I thought then of a woman I had met at a party. It was the first—and only—party I had gone to since David died, and I had expected it to be ghastly. But a woman was there, she was maybe ten years younger than I am, I would say around fifty-three or so, and she told me how she had gone online to a site called Ijustwanttotalk.com and it had changed her life. She told me this with open-eyed forthrightness—there was a tiny little piece of eye makeup that was caught in the corner of her eye, which I kept wanting to tell her—although I never would have—and then I stopped wanting to tell her that and I just listened, it was fascinating. She had recently come back from a trip to Chicago where she met a man at the Drake Hotel—she said it was their third meeting—and they just talked. That’s what they did.

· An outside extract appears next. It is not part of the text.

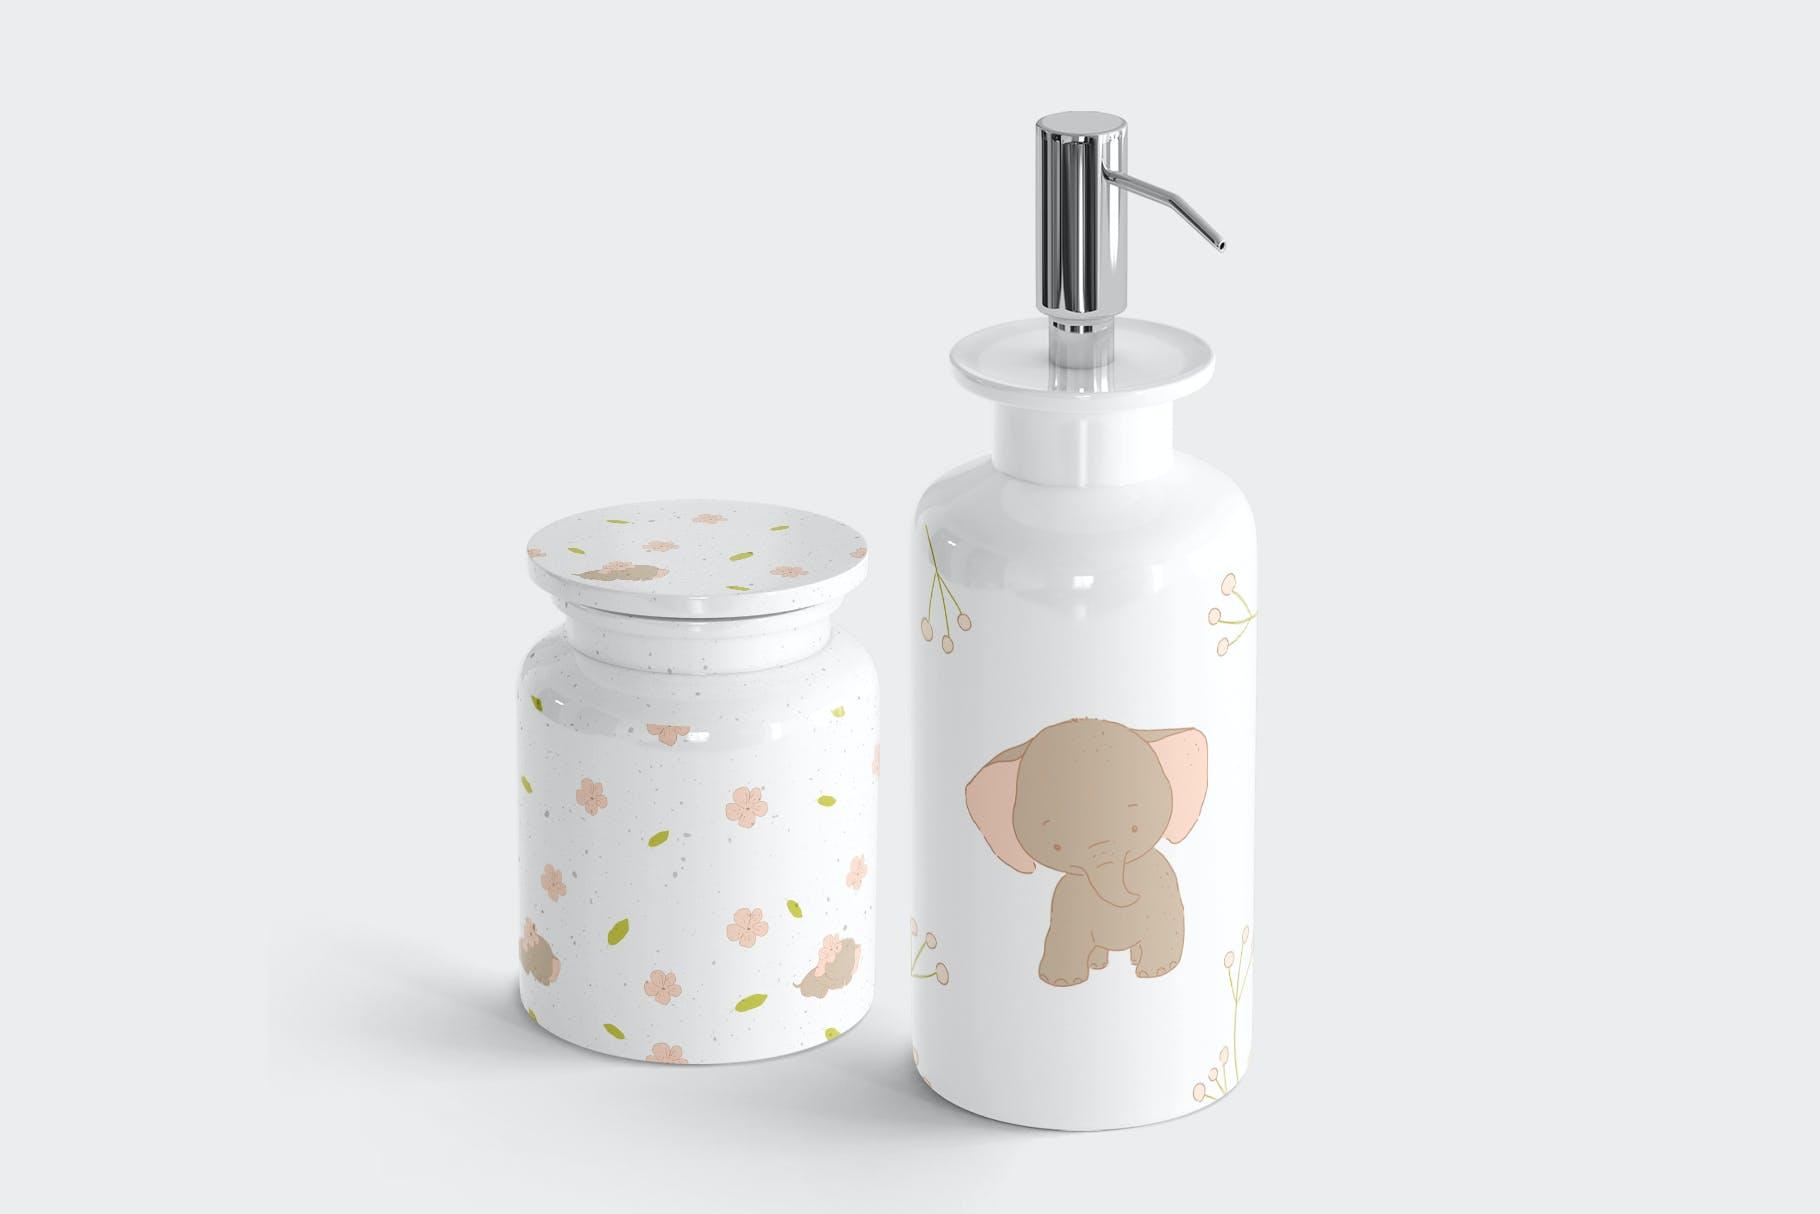 可爱卡通手绘大象花卉插画矢量素材 Baby Shower Elephants插图(5)
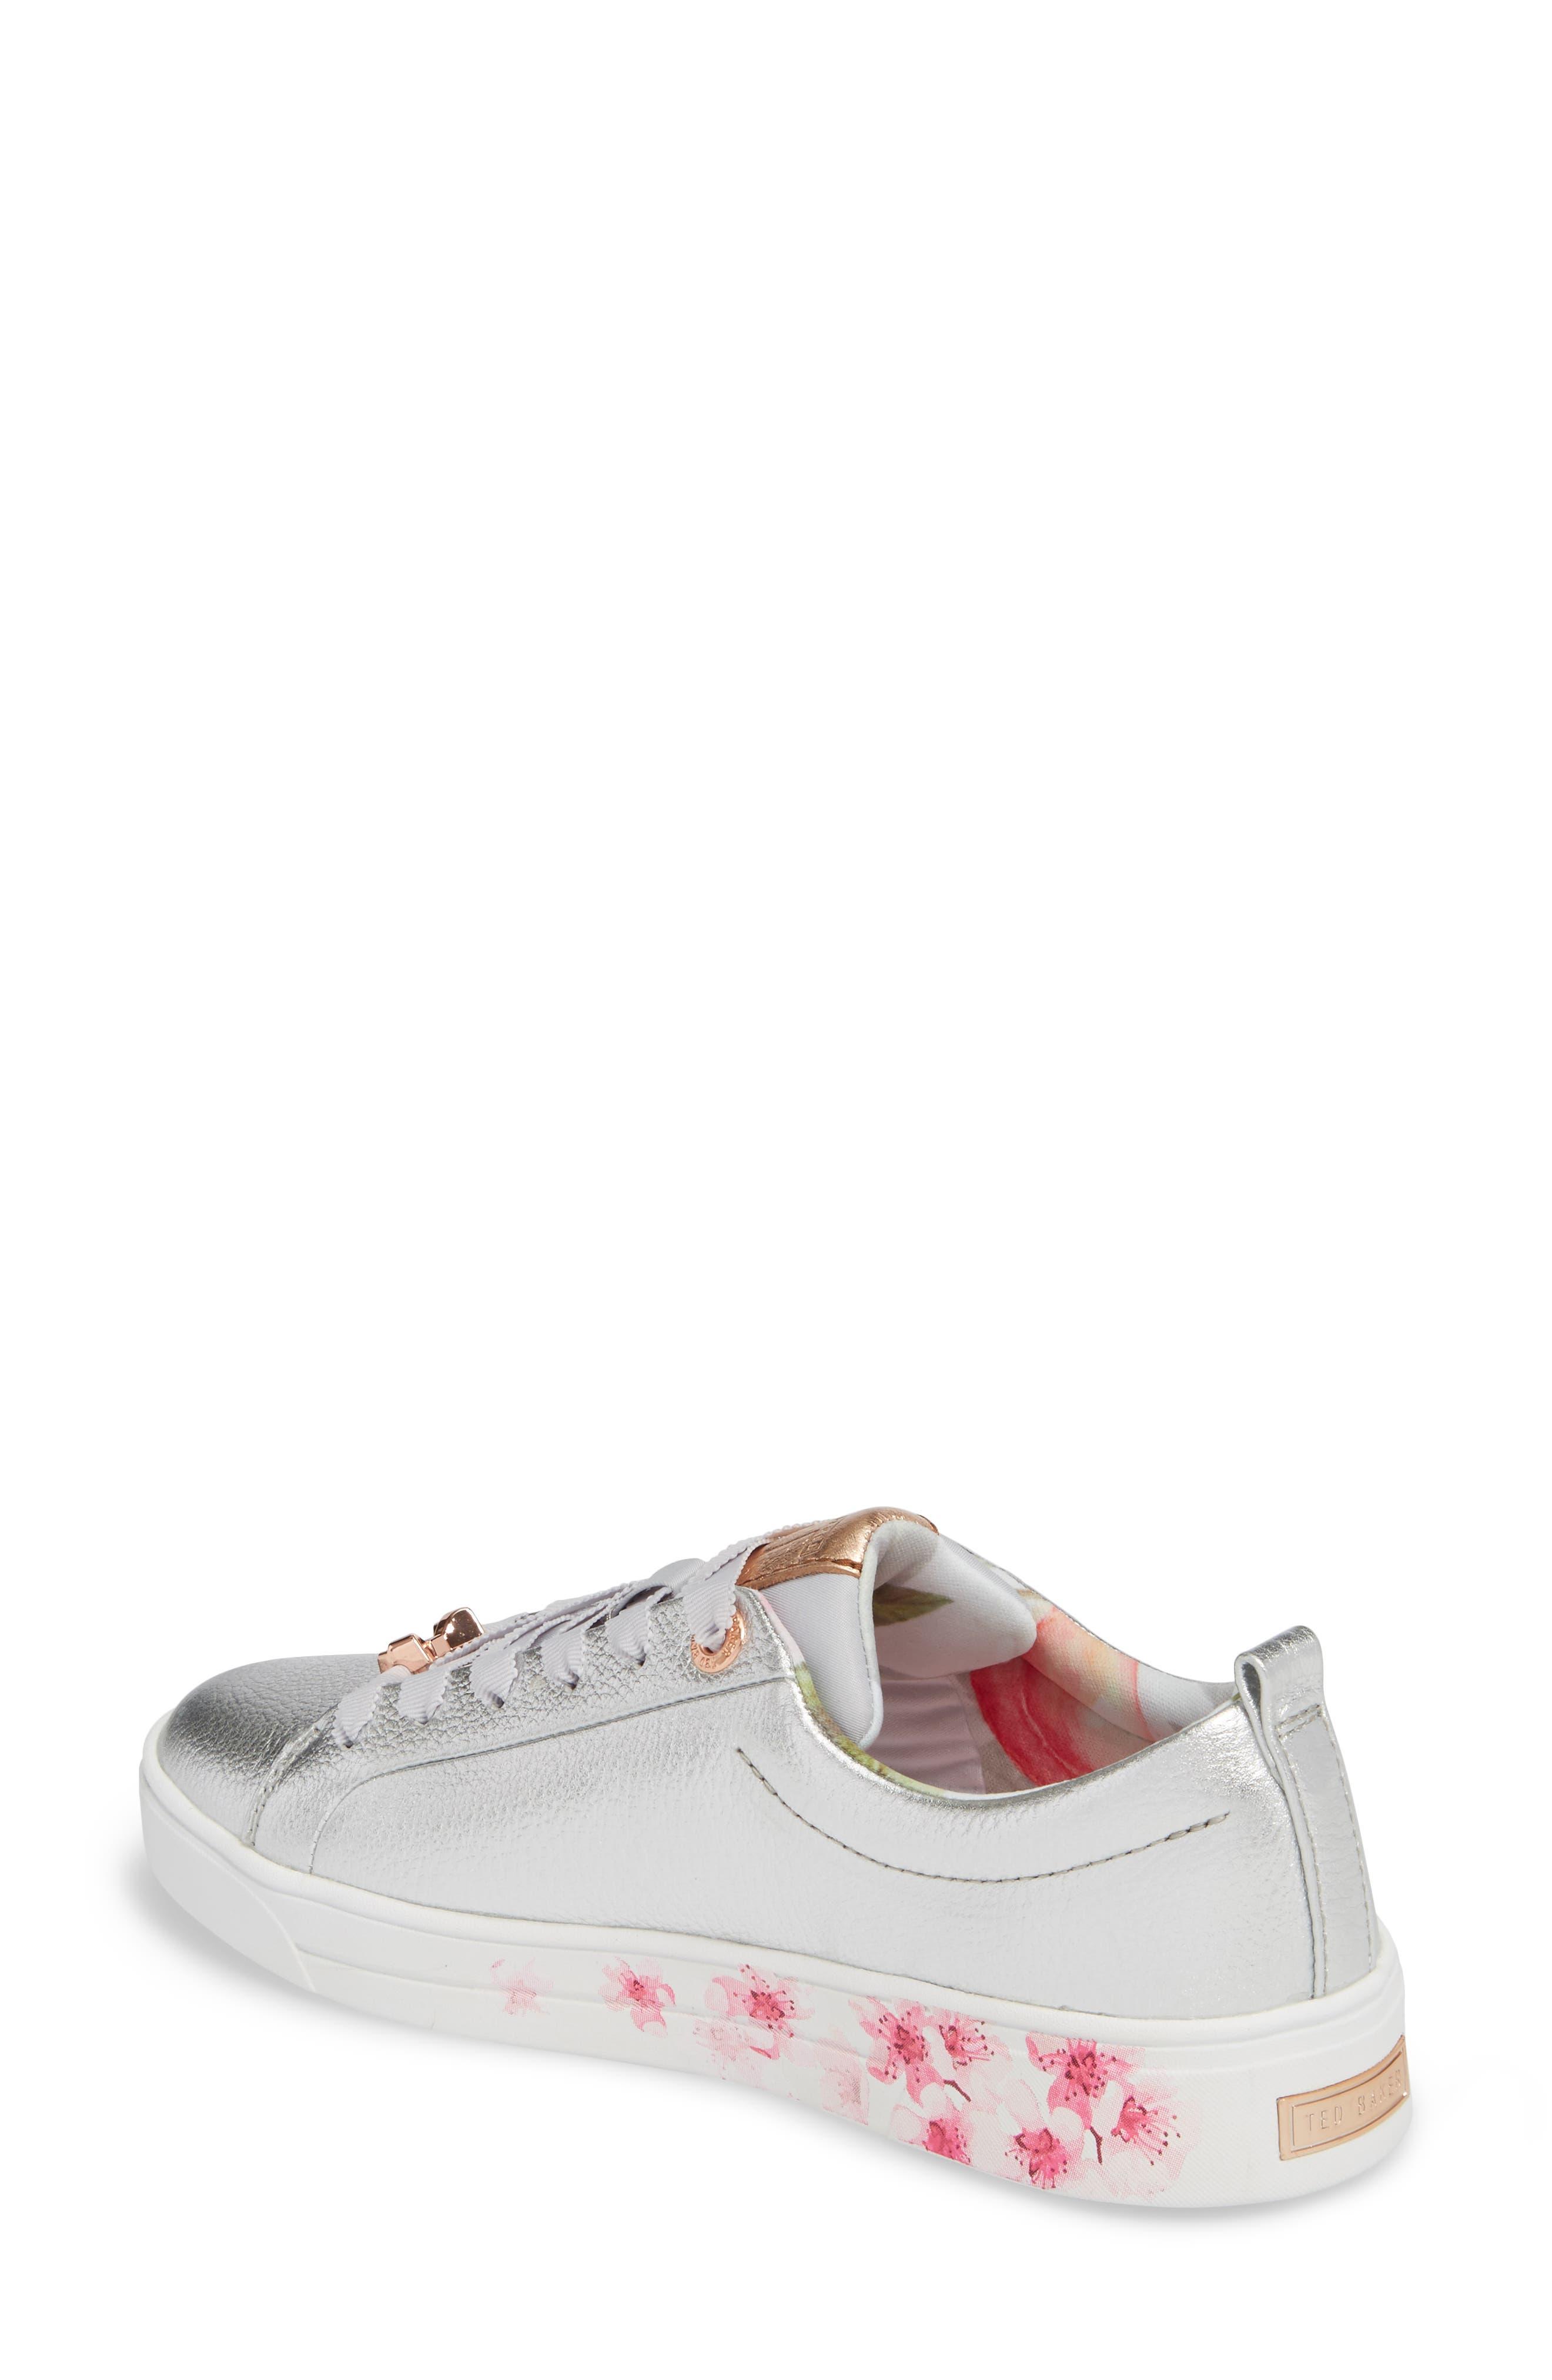 Kelleip Sneaker,                             Alternate thumbnail 2, color,                             047

I asked her if she was afraid—I meant meeting a man—her age, she had said—and she said she had been at first, but when she saw him (and she placed her hand on my arm) she thought, Oh he is just so lonely! “And so was I,” she said, and nodded. She said they took turns talking: She had needed, she said, to talk about her mother-in-law, who had died years earlier, but she felt “unfinished with her,” and this fellow, his name was Nick, wanted to talk about his son, who was just never right, and his wife was sick of talking about it, and so when it was his turn to talk this is what he talked about. “And we just listen to each other,” she said. She took a sip from her sparkling water—no wine, I noticed—and nodded, and she kept nodding. “I don’t even know if his name is really Nick,” she said.